§ Task description
Without any of its pictures, the listing below should be output exactly.

§ Dataset content
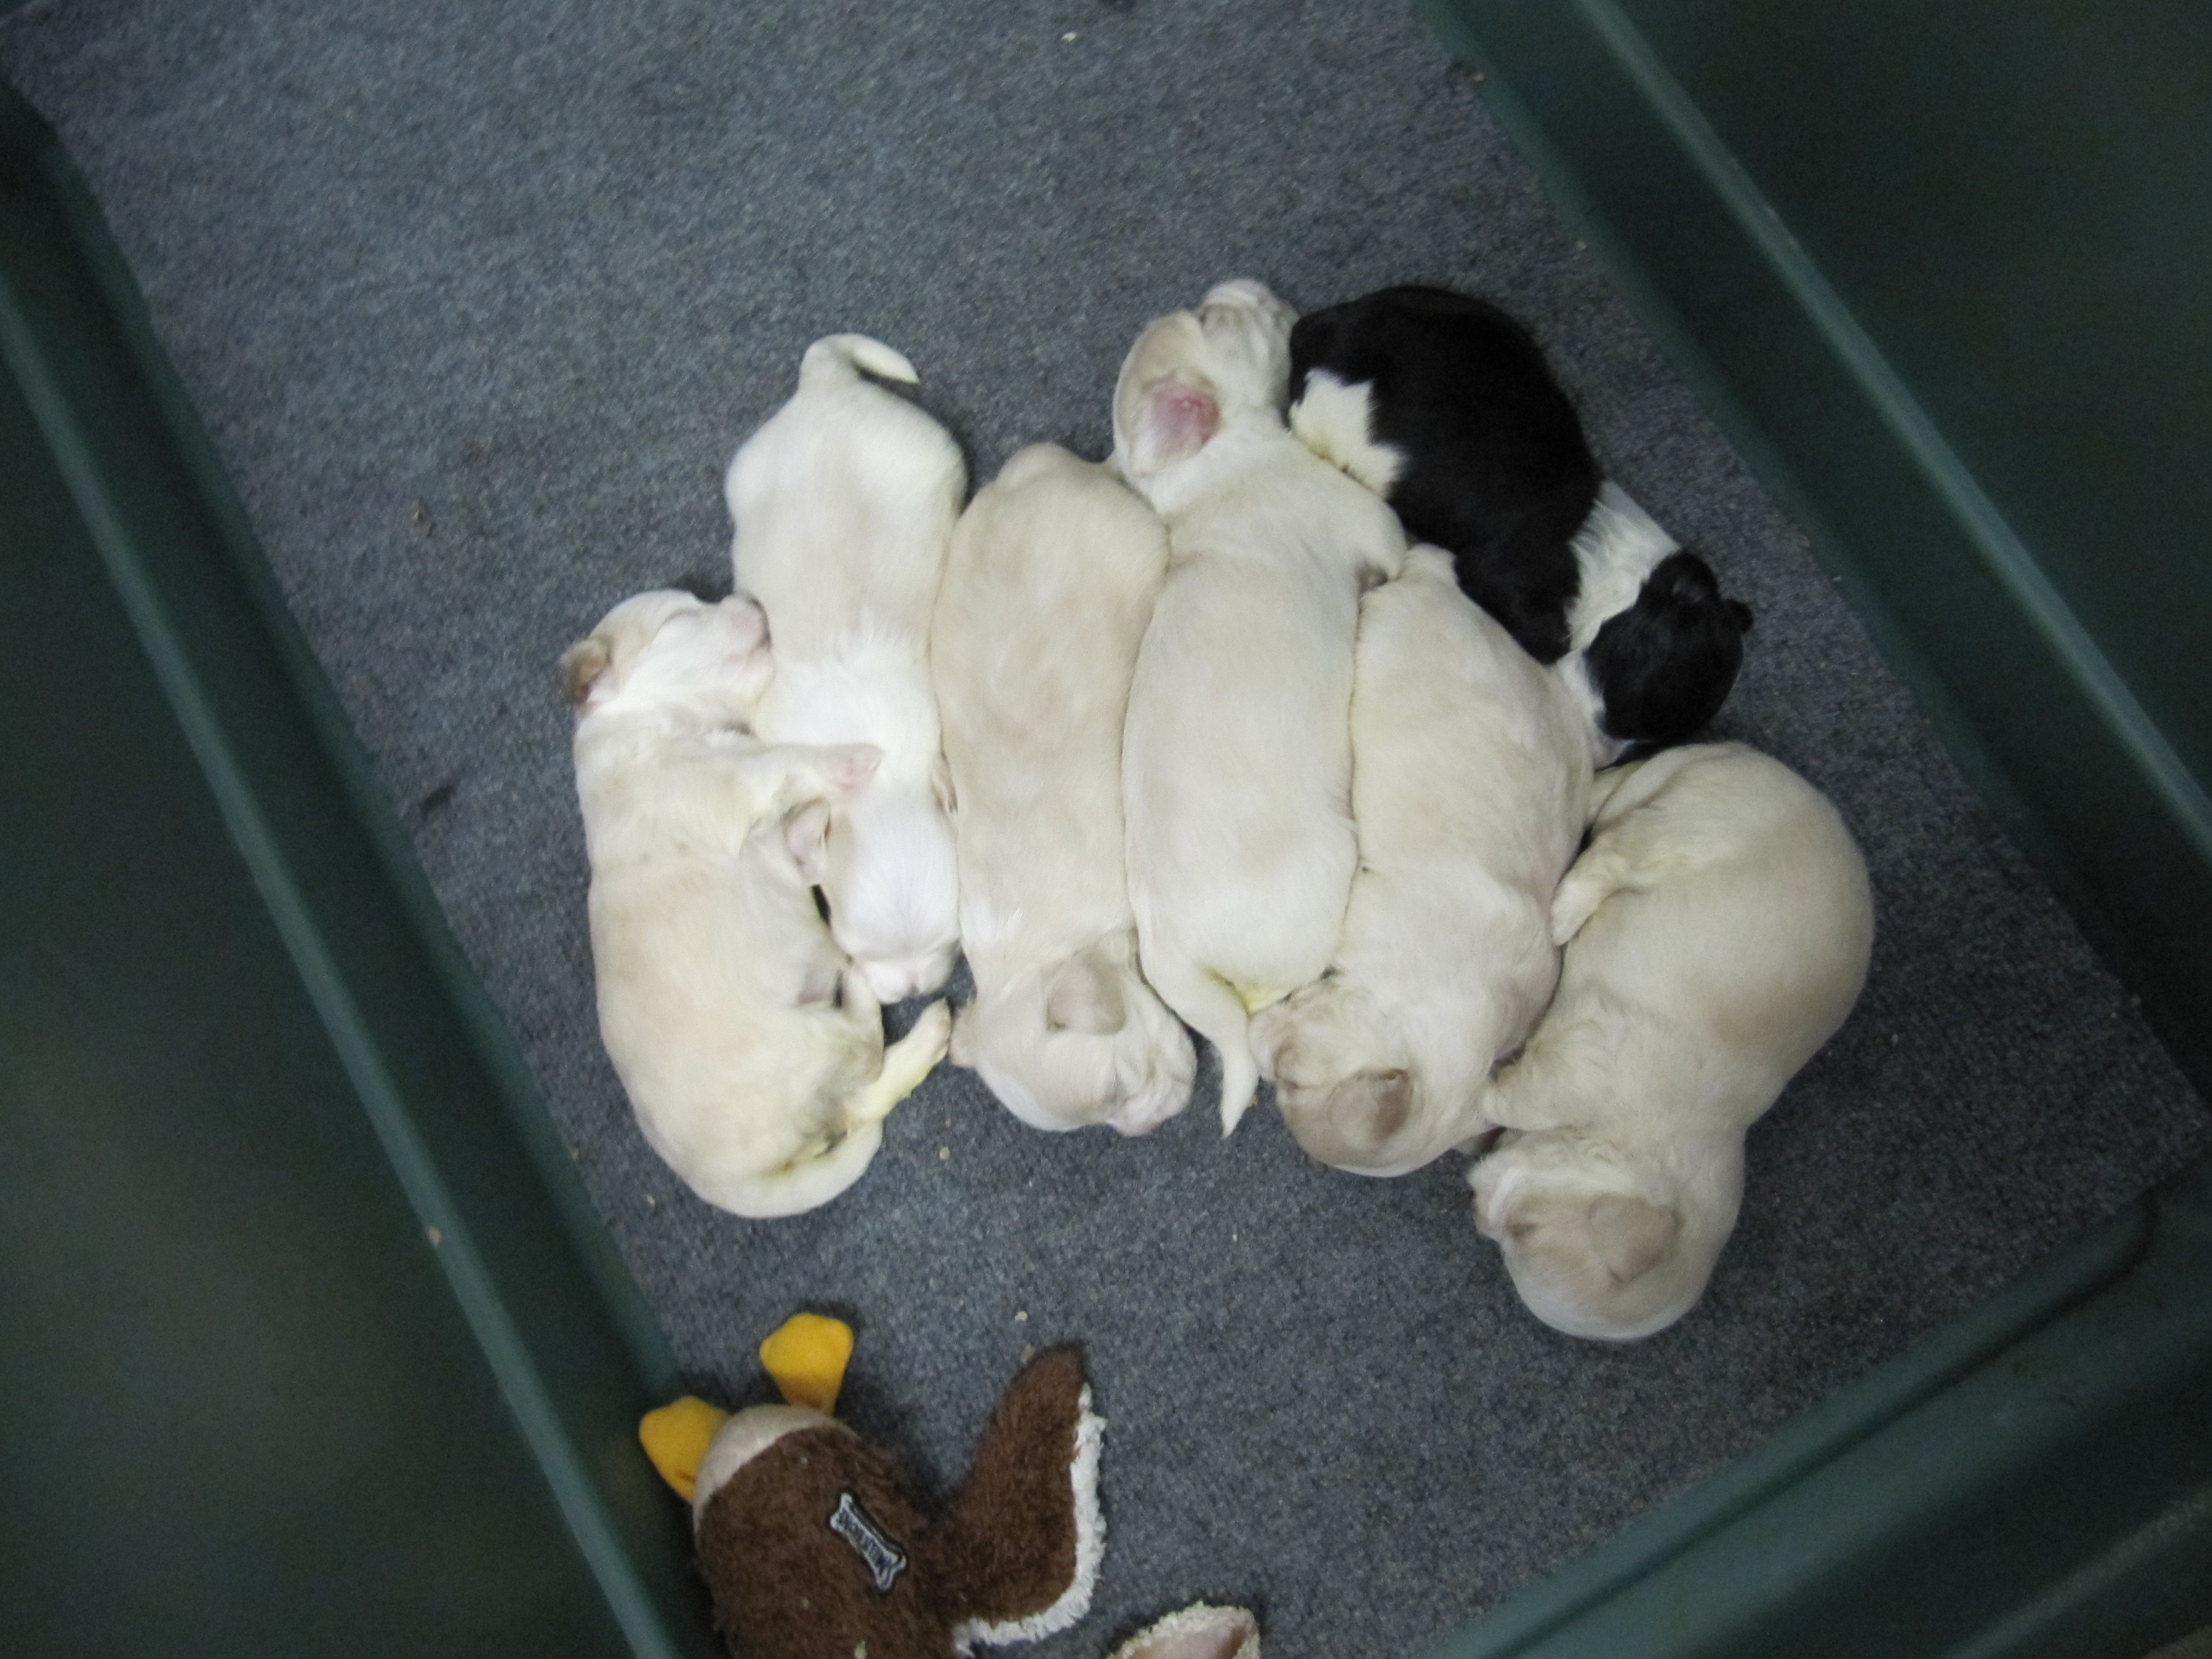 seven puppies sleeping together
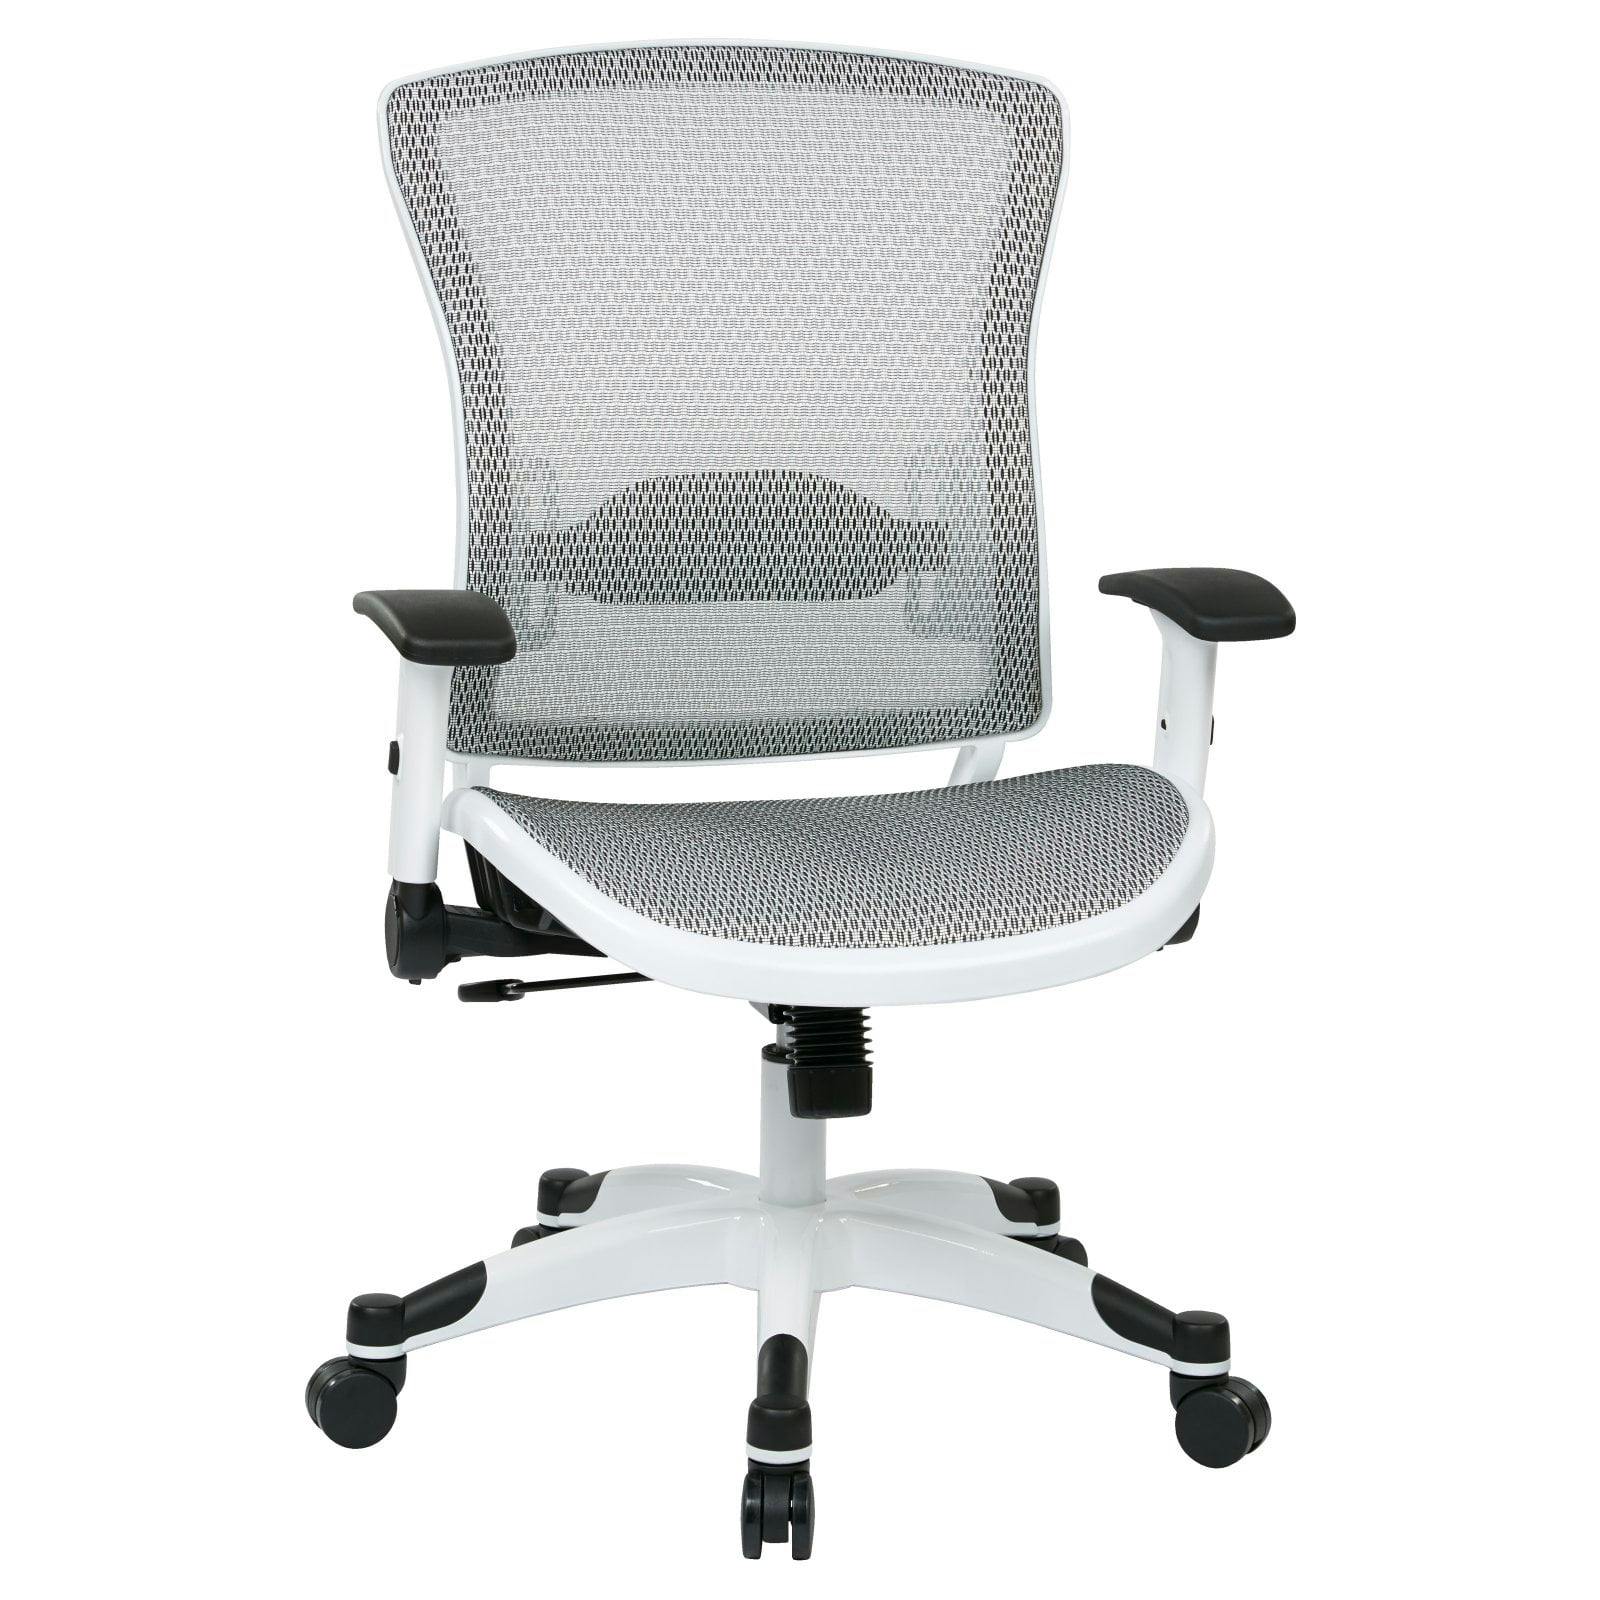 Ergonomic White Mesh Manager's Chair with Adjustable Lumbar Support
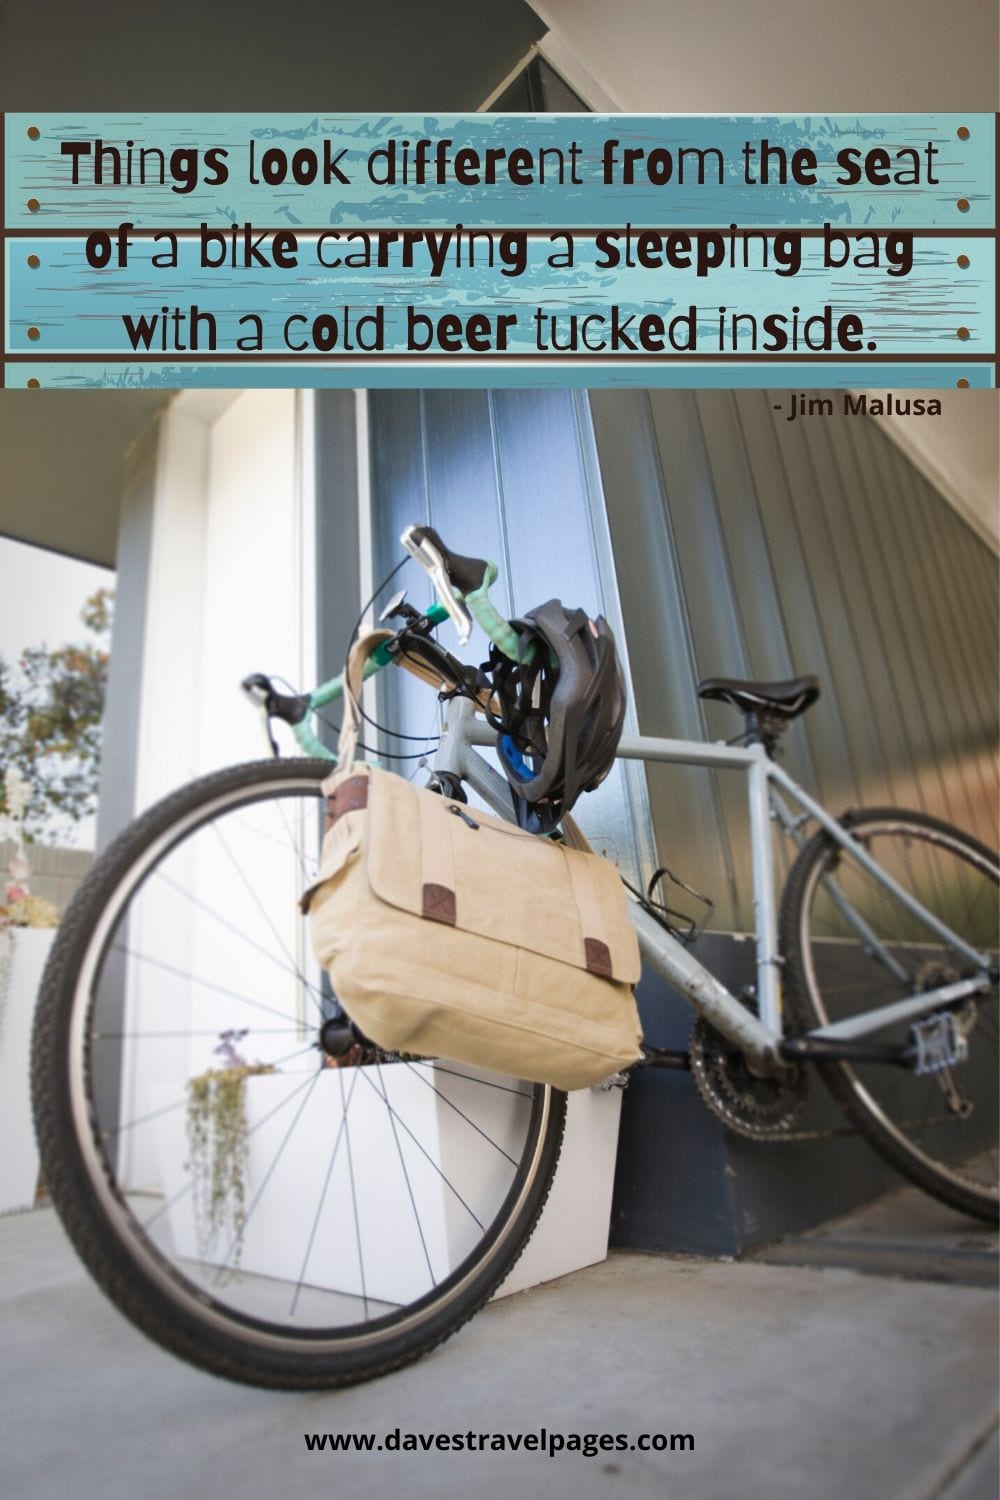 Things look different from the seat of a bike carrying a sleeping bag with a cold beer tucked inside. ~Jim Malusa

§ Response box
 seven puppies sleeping together
 Ergonomic White Mesh Manager's Chair with Adjustable Lumbar Support
 Things look different from the seat of a bike carrying a sleeping bag with a cold beer tucked inside. ~Jim Malusa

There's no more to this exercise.